* _TO DO_: Give back an exact copy of the lines in the records below, from the line that has "boats on beach shore" through the line that has "Ed Voyles Kia >>", and nothing besides.

RECORD EXTRACTS START

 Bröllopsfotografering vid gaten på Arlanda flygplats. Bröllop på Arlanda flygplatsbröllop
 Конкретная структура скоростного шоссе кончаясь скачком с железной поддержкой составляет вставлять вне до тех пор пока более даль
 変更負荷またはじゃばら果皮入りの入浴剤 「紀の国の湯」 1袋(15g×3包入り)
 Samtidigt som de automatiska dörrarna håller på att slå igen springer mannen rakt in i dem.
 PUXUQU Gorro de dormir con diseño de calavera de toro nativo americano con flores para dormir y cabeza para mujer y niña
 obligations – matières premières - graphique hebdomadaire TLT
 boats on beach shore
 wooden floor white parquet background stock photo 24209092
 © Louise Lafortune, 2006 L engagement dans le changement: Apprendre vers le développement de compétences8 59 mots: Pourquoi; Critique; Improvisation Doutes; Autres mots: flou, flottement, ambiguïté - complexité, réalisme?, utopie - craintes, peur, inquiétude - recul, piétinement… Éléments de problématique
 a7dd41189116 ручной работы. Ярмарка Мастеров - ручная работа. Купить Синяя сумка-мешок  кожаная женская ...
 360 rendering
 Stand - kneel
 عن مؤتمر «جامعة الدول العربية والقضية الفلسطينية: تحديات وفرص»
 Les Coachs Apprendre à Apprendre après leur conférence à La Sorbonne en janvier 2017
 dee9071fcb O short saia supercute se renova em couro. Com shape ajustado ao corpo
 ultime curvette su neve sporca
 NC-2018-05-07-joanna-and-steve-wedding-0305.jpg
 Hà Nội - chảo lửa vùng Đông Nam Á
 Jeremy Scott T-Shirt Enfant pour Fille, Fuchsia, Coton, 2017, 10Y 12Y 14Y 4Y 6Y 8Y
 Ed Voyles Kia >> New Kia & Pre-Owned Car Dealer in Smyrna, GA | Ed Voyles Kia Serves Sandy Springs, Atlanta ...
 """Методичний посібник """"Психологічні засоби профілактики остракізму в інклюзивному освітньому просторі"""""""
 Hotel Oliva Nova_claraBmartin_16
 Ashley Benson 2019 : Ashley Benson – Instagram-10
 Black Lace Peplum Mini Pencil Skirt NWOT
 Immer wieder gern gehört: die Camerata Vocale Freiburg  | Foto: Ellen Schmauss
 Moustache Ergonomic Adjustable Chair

RECORD EXTRACTS END

* _RESULT_:
 boats on beach shore
 wooden floor white parquet background stock photo 24209092
 © Louise Lafortune, 2006 L engagement dans le changement: Apprendre vers le développement de compétences8 59 mots: Pourquoi; Critique; Improvisation Doutes; Autres mots: flou, flottement, ambiguïté - complexité, réalisme?, utopie - craintes, peur, inquiétude - recul, piétinement… Éléments de problématique
 a7dd41189116 ручной работы. Ярмарка Мастеров - ручная работа. Купить Синяя сумка-мешок  кожаная женская ...
 360 rendering
 Stand - kneel
 عن مؤتمر «جامعة الدول العربية والقضية الفلسطينية: تحديات وفرص»
 Les Coachs Apprendre à Apprendre après leur conférence à La Sorbonne en janvier 2017
 dee9071fcb O short saia supercute se renova em couro. Com shape ajustado ao corpo
 ultime curvette su neve sporca
 NC-2018-05-07-joanna-and-steve-wedding-0305.jpg
 Hà Nội - chảo lửa vùng Đông Nam Á
 Jeremy Scott T-Shirt Enfant pour Fille, Fuchsia, Coton, 2017, 10Y 12Y 14Y 4Y 6Y 8Y
 Ed Voyles Kia >> New Kia & Pre-Owned Car Dealer in Smyrna, GA | Ed Voyles Kia Serves Sandy Springs, Atlanta ...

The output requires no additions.